• What to work on:
Entries follow. Give back exactly the lines starting at the one containing "MARIANA NECKLACE BETTE" and ending at the one containing "Round Cut 6", and no other lines.

• Dataset excerpts:
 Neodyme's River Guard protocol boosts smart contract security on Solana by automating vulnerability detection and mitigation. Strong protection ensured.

==

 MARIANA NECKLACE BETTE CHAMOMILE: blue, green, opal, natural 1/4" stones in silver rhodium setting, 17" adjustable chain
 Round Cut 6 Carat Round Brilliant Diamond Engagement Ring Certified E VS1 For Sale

==

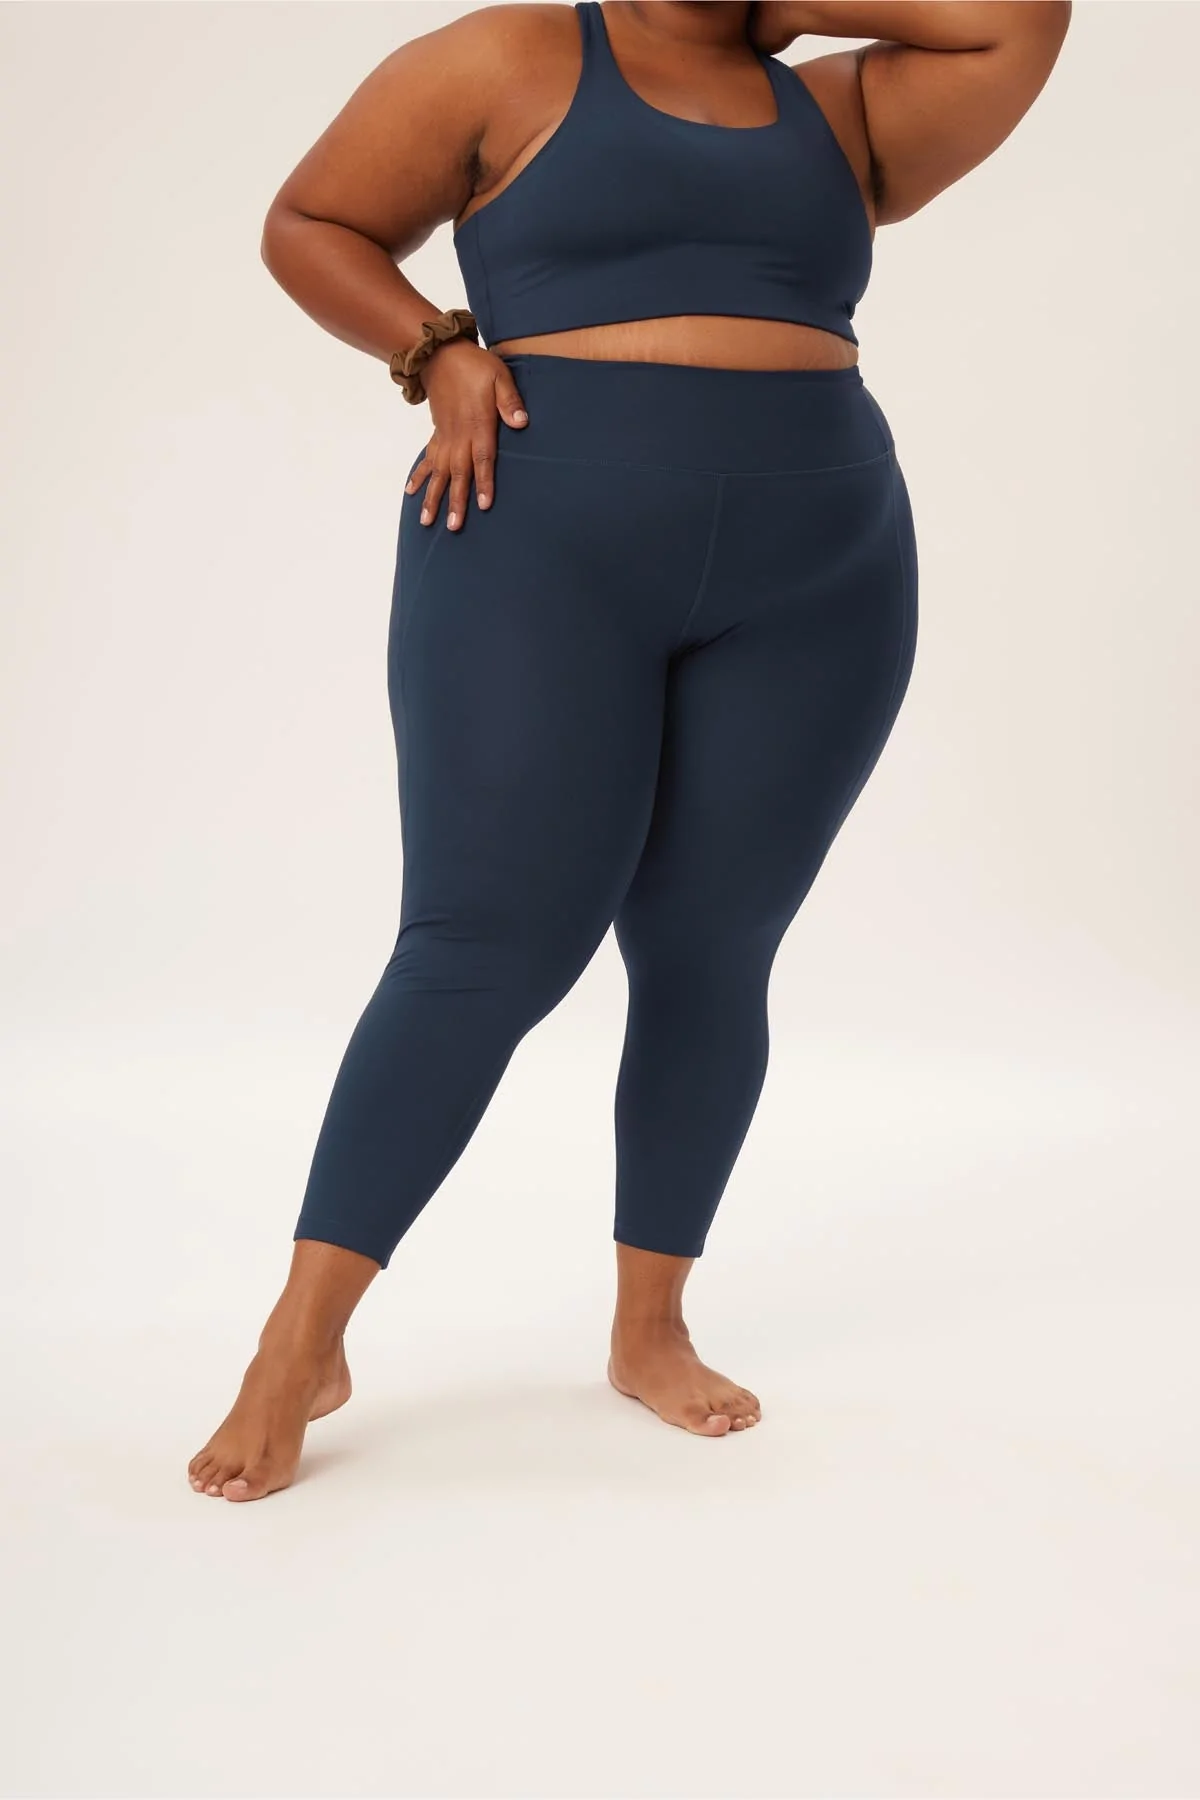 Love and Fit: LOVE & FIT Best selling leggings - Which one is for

• Answer box:
 MARIANA NECKLACE BETTE CHAMOMILE: blue, green, opal, natural 1/4" stones in silver rhodium setting, 17" adjustable chain
 Round Cut 6 Carat Round Brilliant Diamond Engagement Ring Certified E VS1 For Sale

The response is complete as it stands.